Anyone win the lot with a bunch of horns, pair of girls green fenders and a bunch of accessories??? I believe that lot had some autocycle Seiss lights. If any of you won that and want to sell them please let me know.

Thanks


----------



## ABC Services (Nov 4, 2011)

*wow*

bluebird went for 5500 late model withe the dummy set up, aerocycle 4500, fender lot 700


----------



## ABC Services (Nov 4, 2011)

*hartung*

plus throw 15% for buyers premium and 9.25% sales tax that puts the bird at 6700, ratty phantom sold for 2000 plus the 500


----------



## slick (Nov 4, 2011)

WOW! I wanted the aerocycle but not at that price for the condition it's in. Thanks for the info guys.


----------



## Rear Facing Drop Out (Nov 4, 2011)

*The aerocycle was missing the door!*

The door was gone. I scored some literature. I think alot of the stuff sold for a resonable price. The Fees kinda pushed them over the edge but oh well. Things that I really liked was the Iver Johnson $3800ish and the Lot of Bicycle Buttons $2800ish


----------



## Larmo63 (Nov 4, 2011)

The internet bidding/buying was a clusterfu*k. These people need to work the kinks out before they do another auction. Unbelievable.


----------



## Rear Facing Drop Out (Nov 5, 2011)

*Issues*

were there issues with internet bidding? I saw a small army working computers and phones


----------



## Colton1936 (Nov 5, 2011)

*i bought that lot with*

I'm in that blue crosley at the auction right now on my phone, but anyways I bought that lot with the 5 20s early 30s bicycles, an Iver johnson, admiral, maple, elgin and a girls bike from the teens with a leather chain guard, I also bought 4  model A doors.


----------



## Larmo63 (Nov 5, 2011)

The internet bidding was jumping around something furious. Add to that, there was no audio, so you couldn't tell what was going on. I won the old crusty lot with two wood wheel bikes; an Ajax and a Belvedere, along with a truss bar Iver Johnson. Not bad.
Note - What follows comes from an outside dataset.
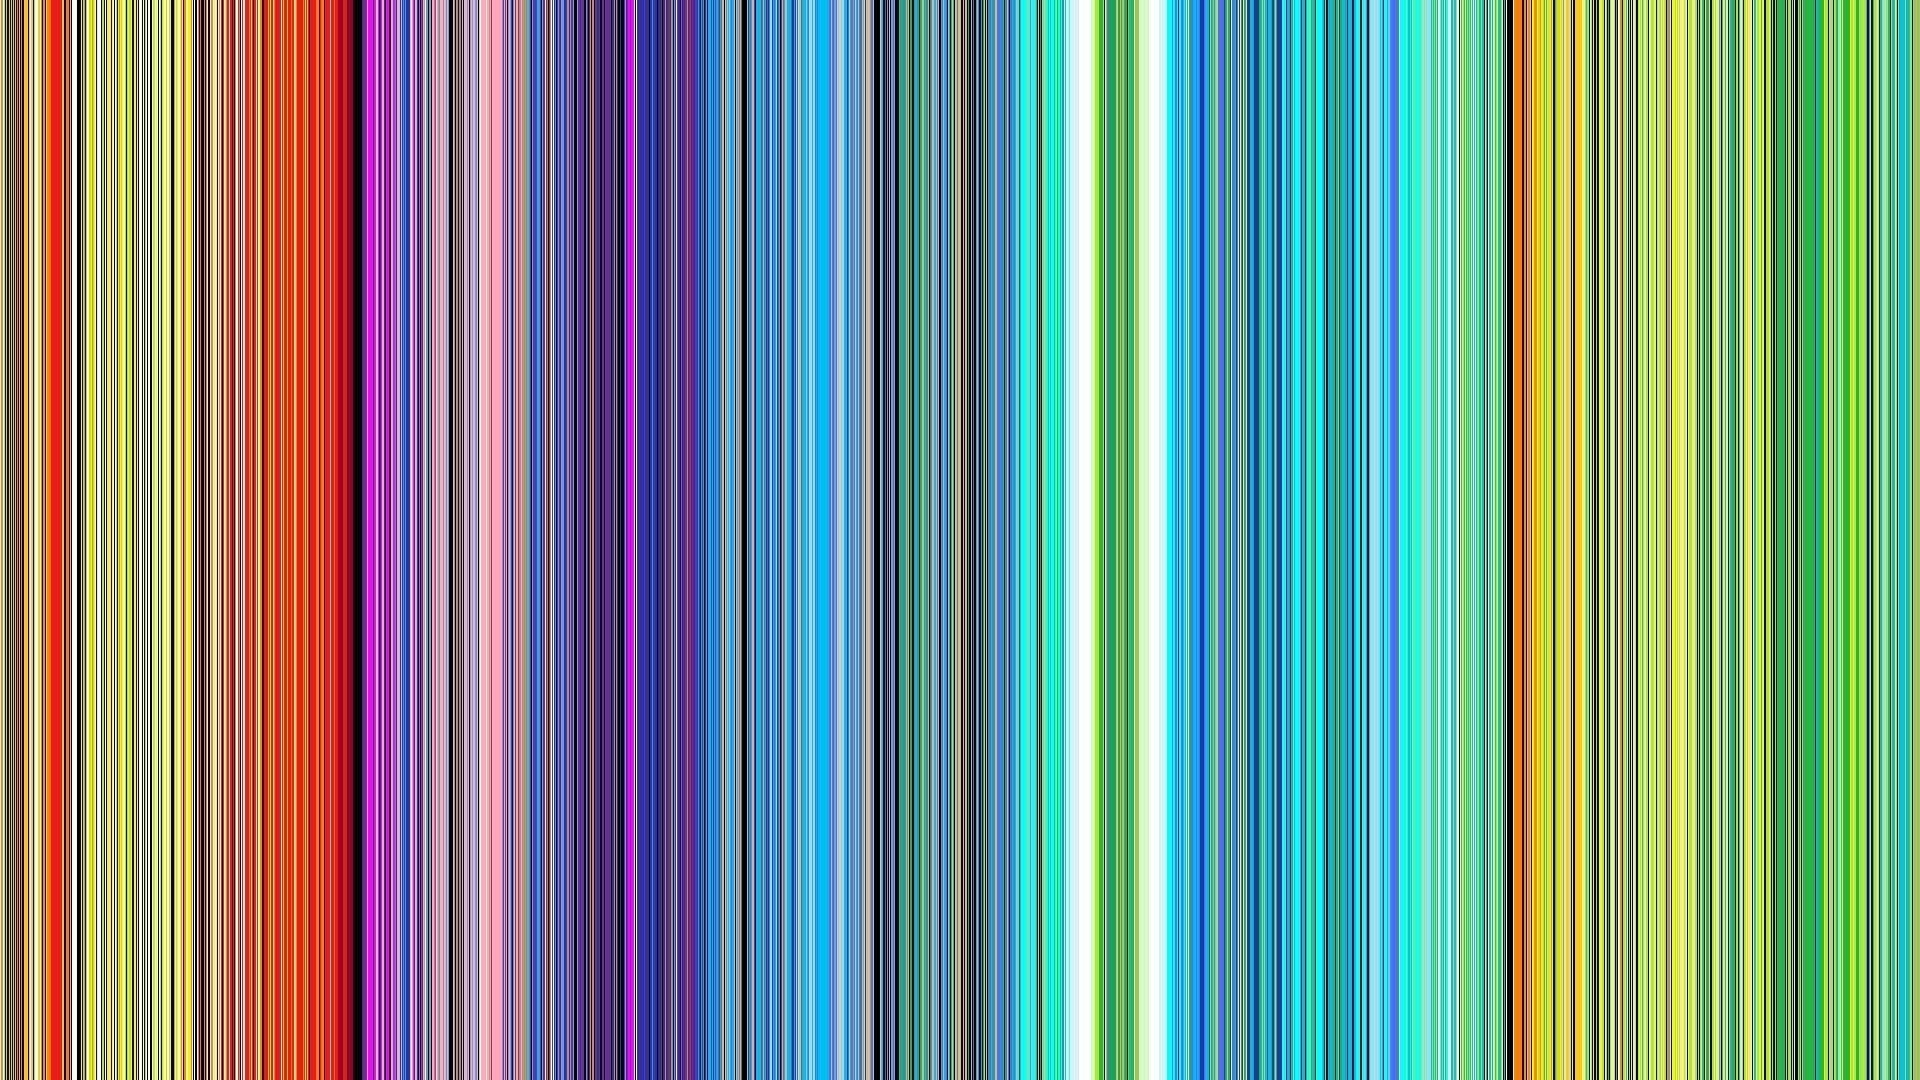 Vertical colors line plain wallpapers HD Wallpapers Rocks 1920x1080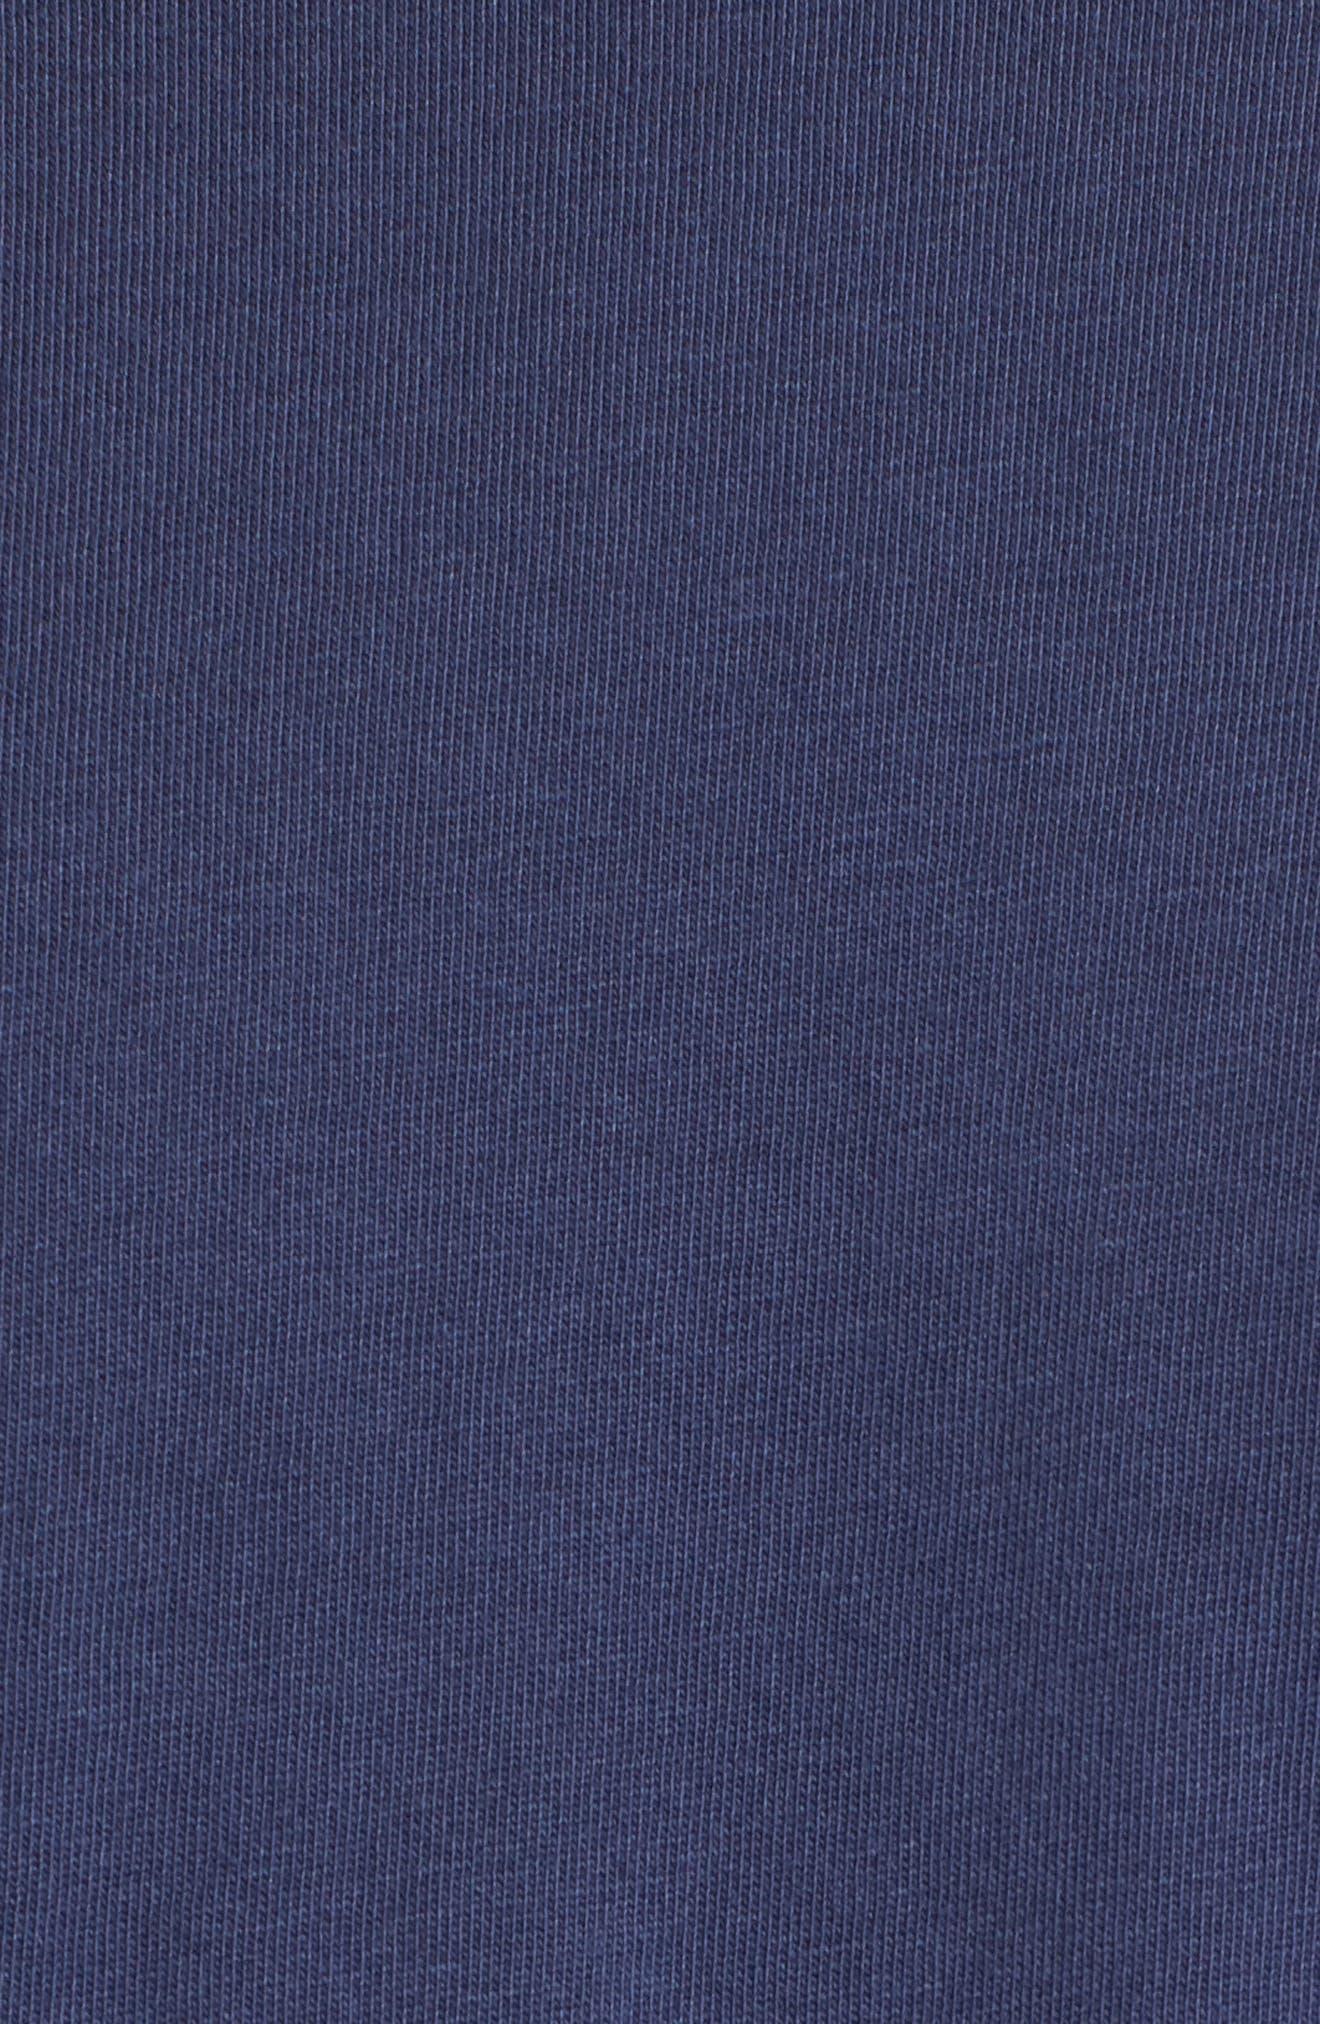 x Pendleton Grand Canyon Patch T-Shirt,                             Alternate thumbnail 5, color,

Nerve wracking, stuff was FLYING by!


----------



## Harvie (Nov 5, 2011)

There is a much better condition Black Phantom selling sometime this month in AK. No fees no premiums all the guy has to do is stop postponing the sale....

The Phanton in this auction was not worth what it sold for, there are several for sale in way better condition for 1-1.5K LESS.... one from the origional owner with full documentation.


----------



## Colton1936 (Nov 5, 2011)

The guy who bought the "power bike" got a good deal, he payed $150 for it, he said it wad a excelcier but it looked like a Cleveland lightweight.


----------



## Colton1936 (Nov 5, 2011)

for the people who were talking about the black phantom, there was one at the Iola swap meet last year for $575 with all the original paint on it.


----------



## dave the wave (Nov 6, 2011)

*yes it was a good deal for $150*



Colton1936 said:


> The guy who bought the "power bike" got a good deal, he payed $150 for it, he said it wad a excelcier but it looked like a Cleveland lightweight.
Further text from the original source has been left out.